# [WHAT IS BEING ASKED]
Return the data verbatim, without pictures.

[INFORMATION SHOWN — start]

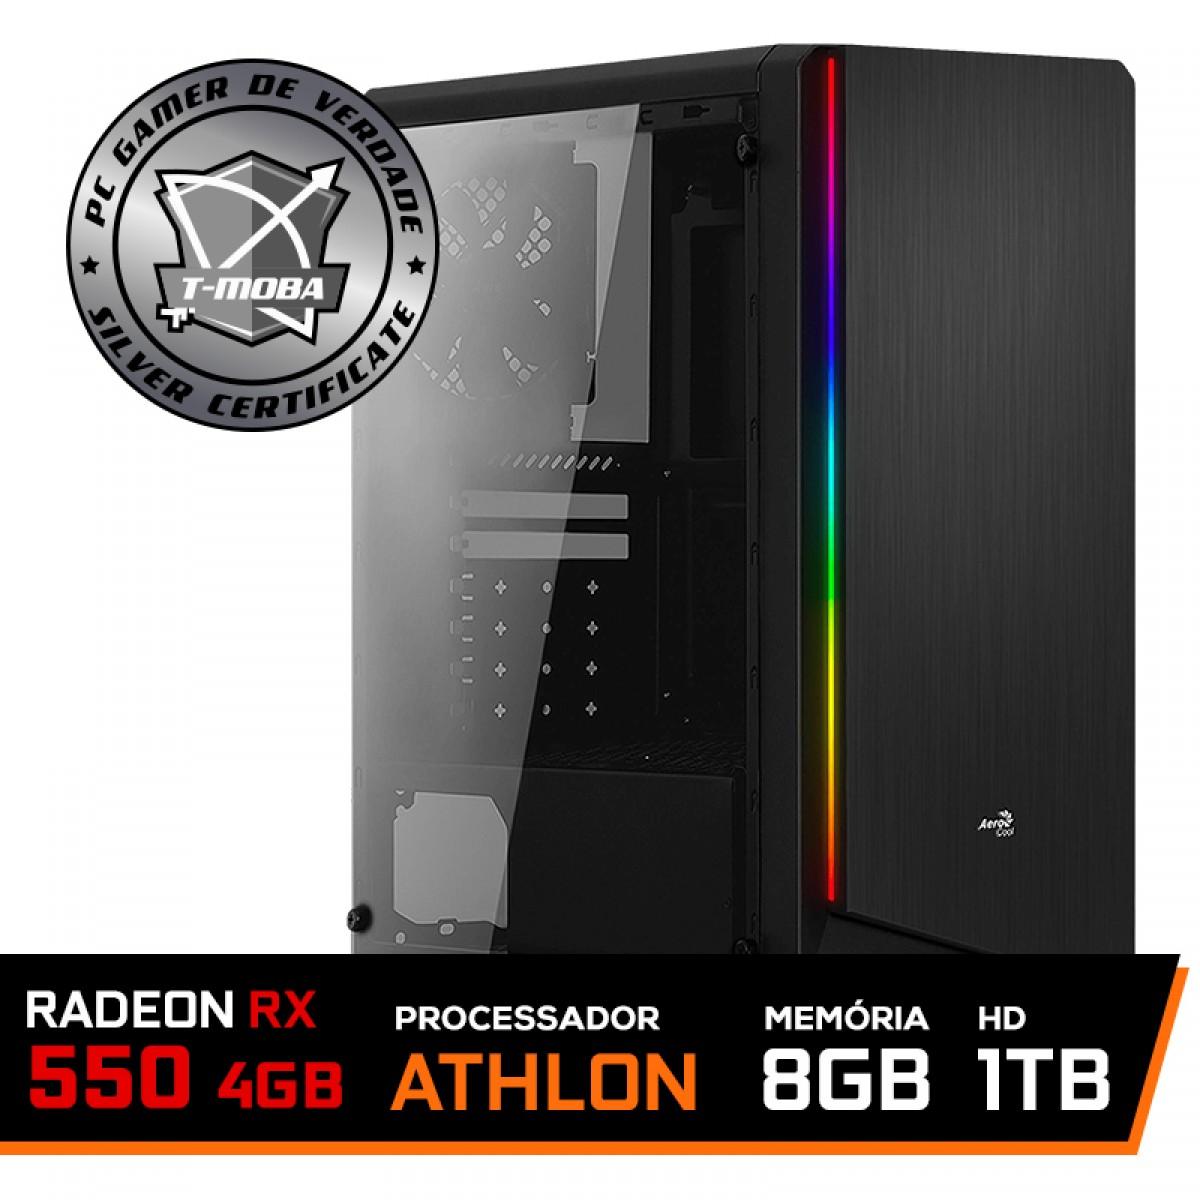 Pc Gamer T-moba Furious LVL-4 AMD Athlon 200GE / Radeon Rx 550 4GB / DDR4 8GB / HD 1TB
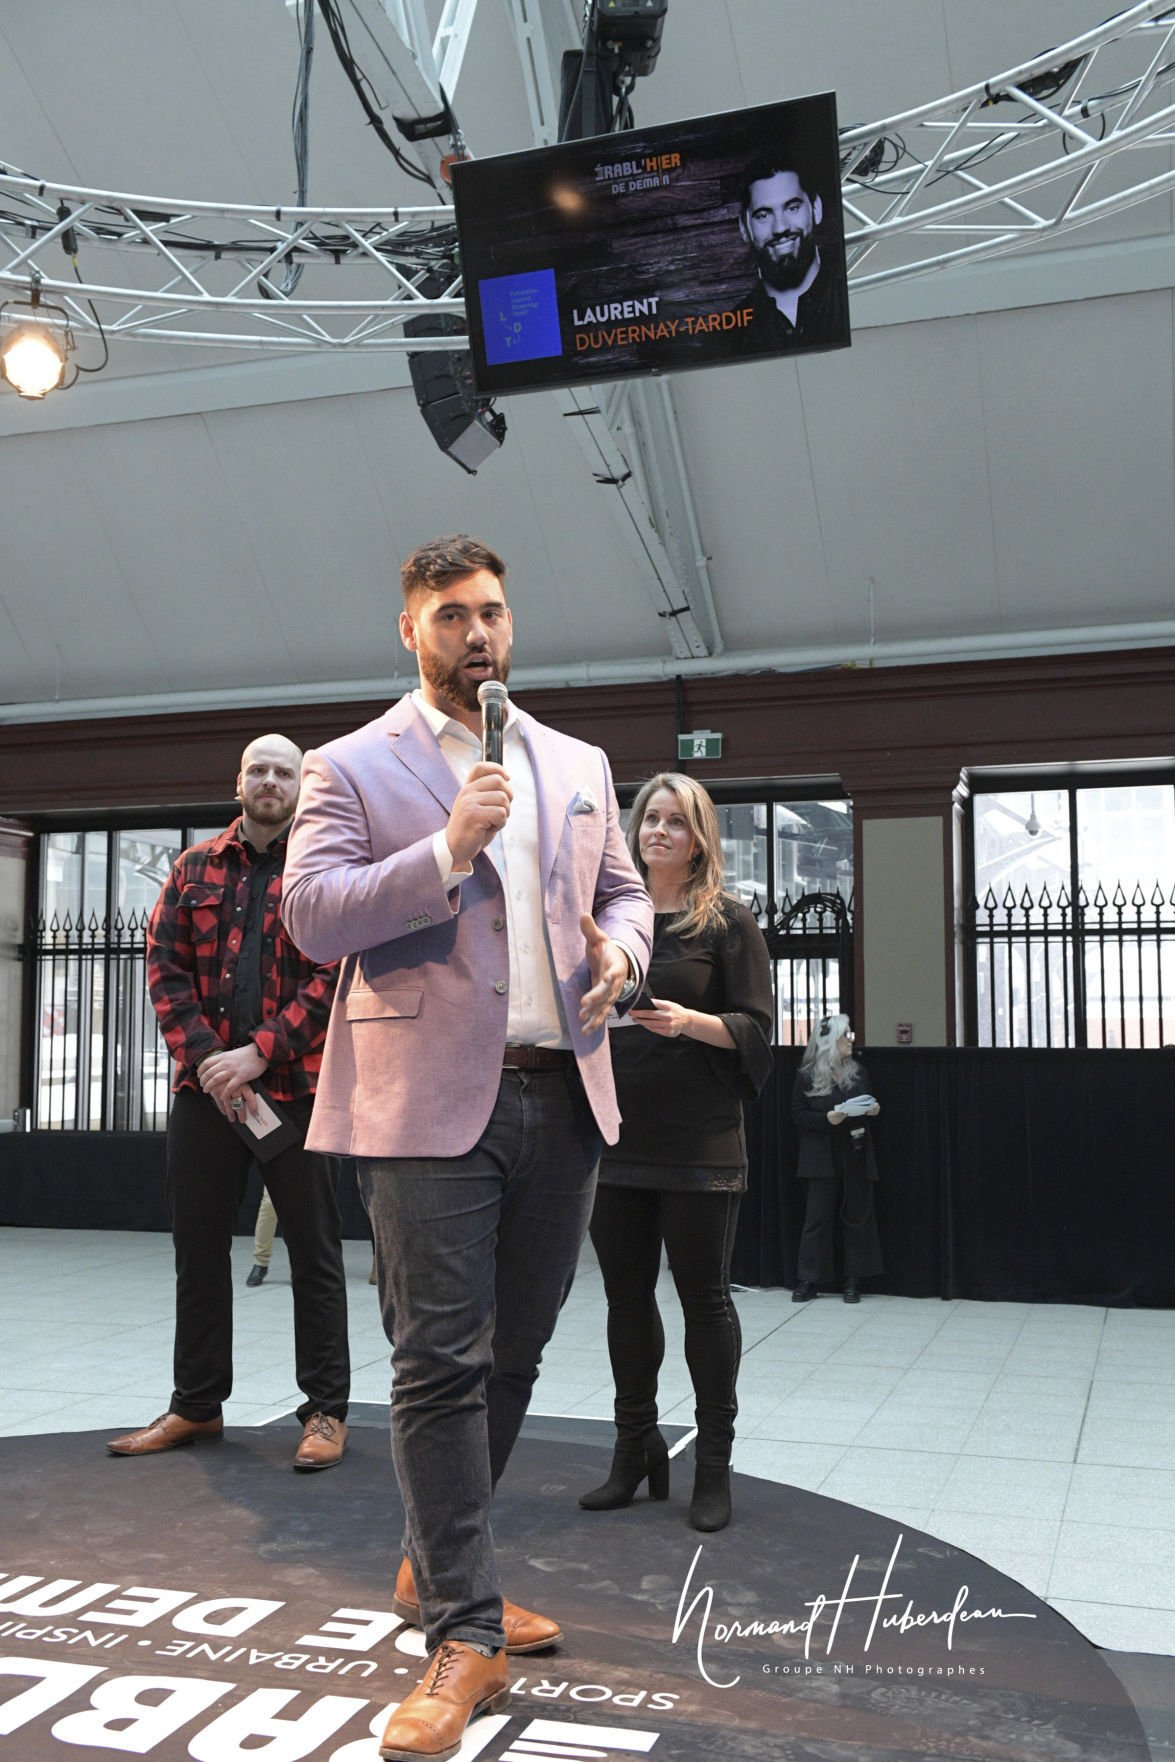 Laurent Duvernay-Tardif Foundation event raises $325,000
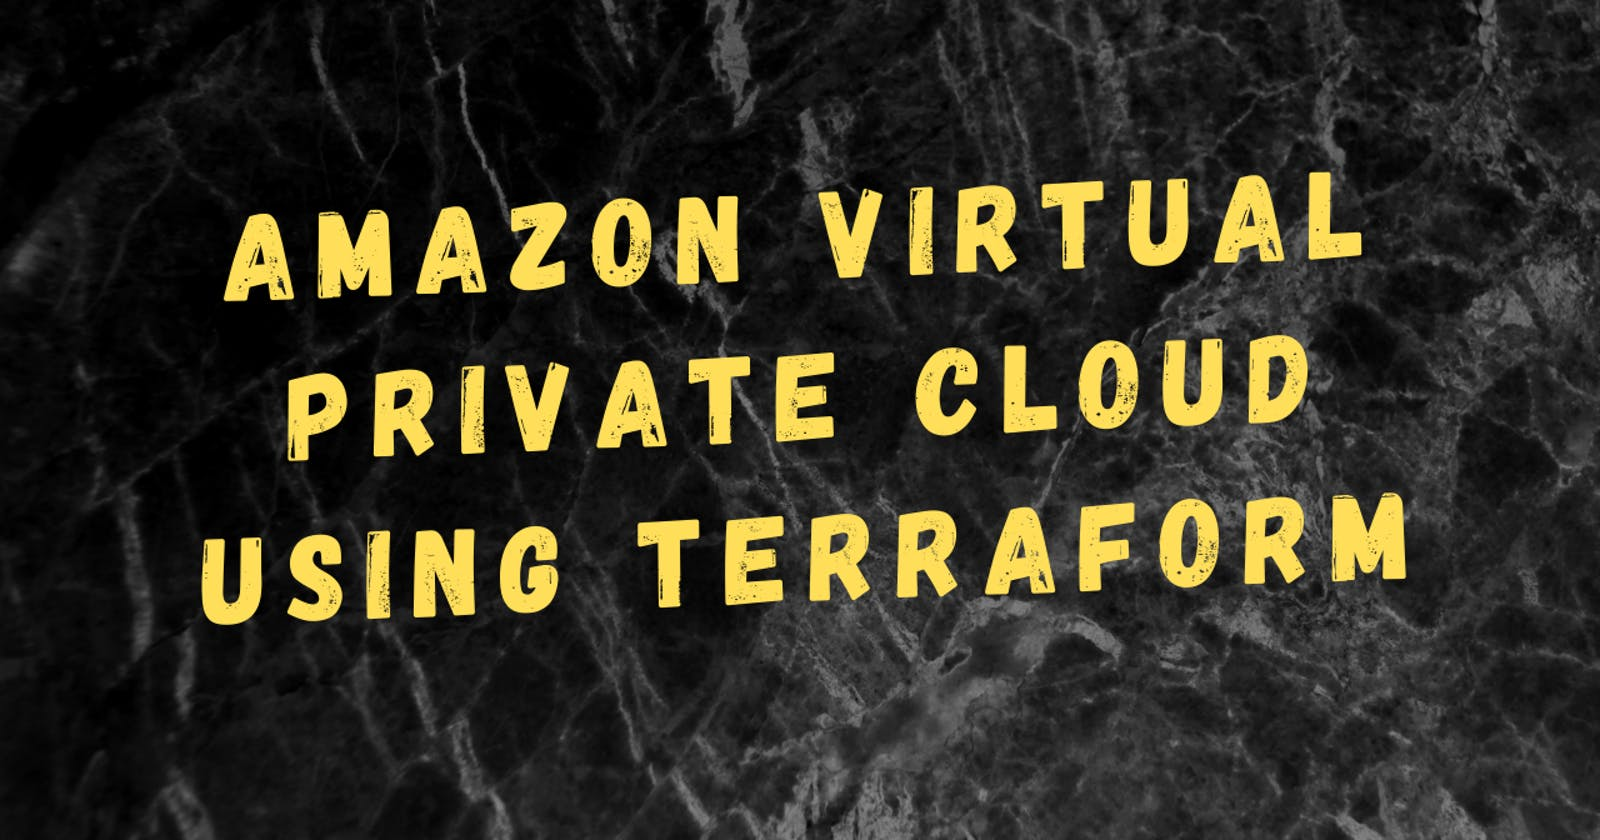 Amazon Virtual Private Cloud using Terraform
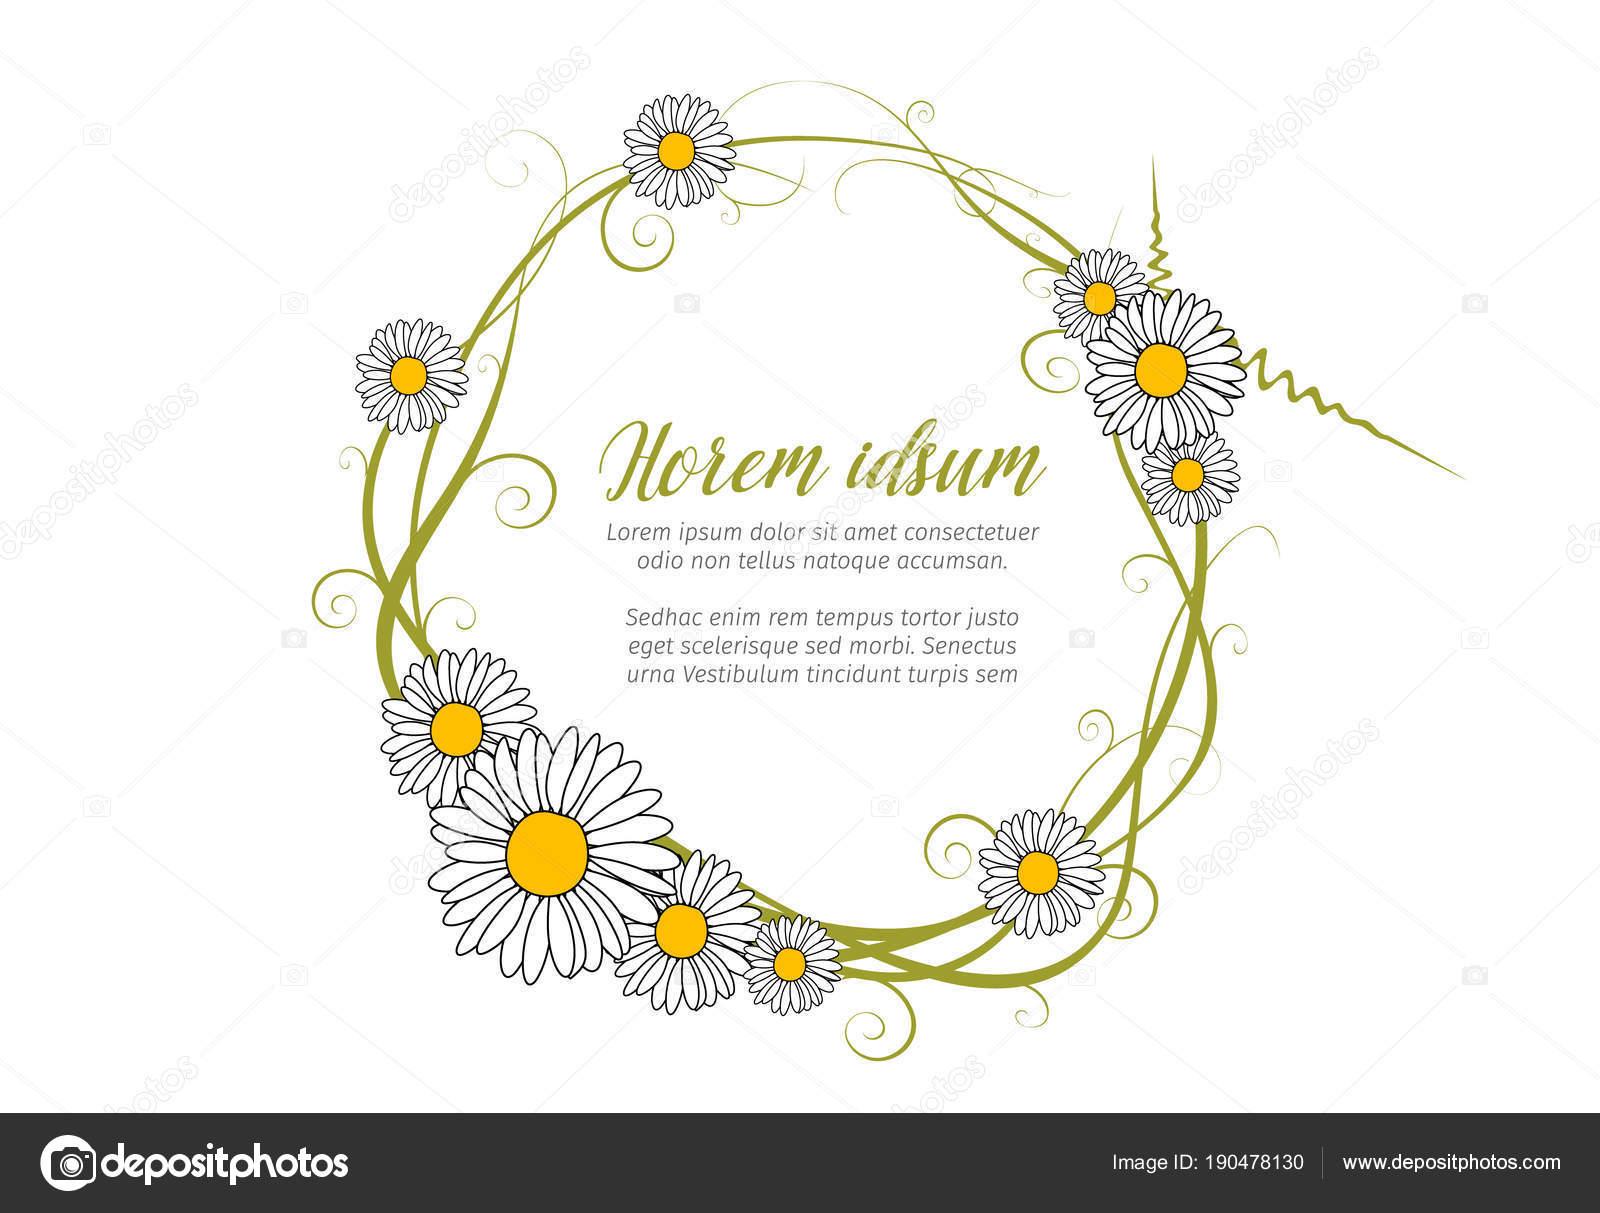 Vector Plantilla Marco Daisy Para Carta Amor Ronda — Archivo ...

[INFORMATION SHOWN — finish]

# [SOLUTION TO THIS EXERCISE]
 Pc Gamer T-moba Furious LVL-4 AMD Athlon 200GE / Radeon Rx 550 4GB / DDR4 8GB / HD 1TB
 Laurent Duvernay-Tardif Foundation event raises $325,000
 Amazon Virtual Private Cloud using Terraform
 Vector Plantilla Marco Daisy Para Carta Amor Ronda — Archivo ...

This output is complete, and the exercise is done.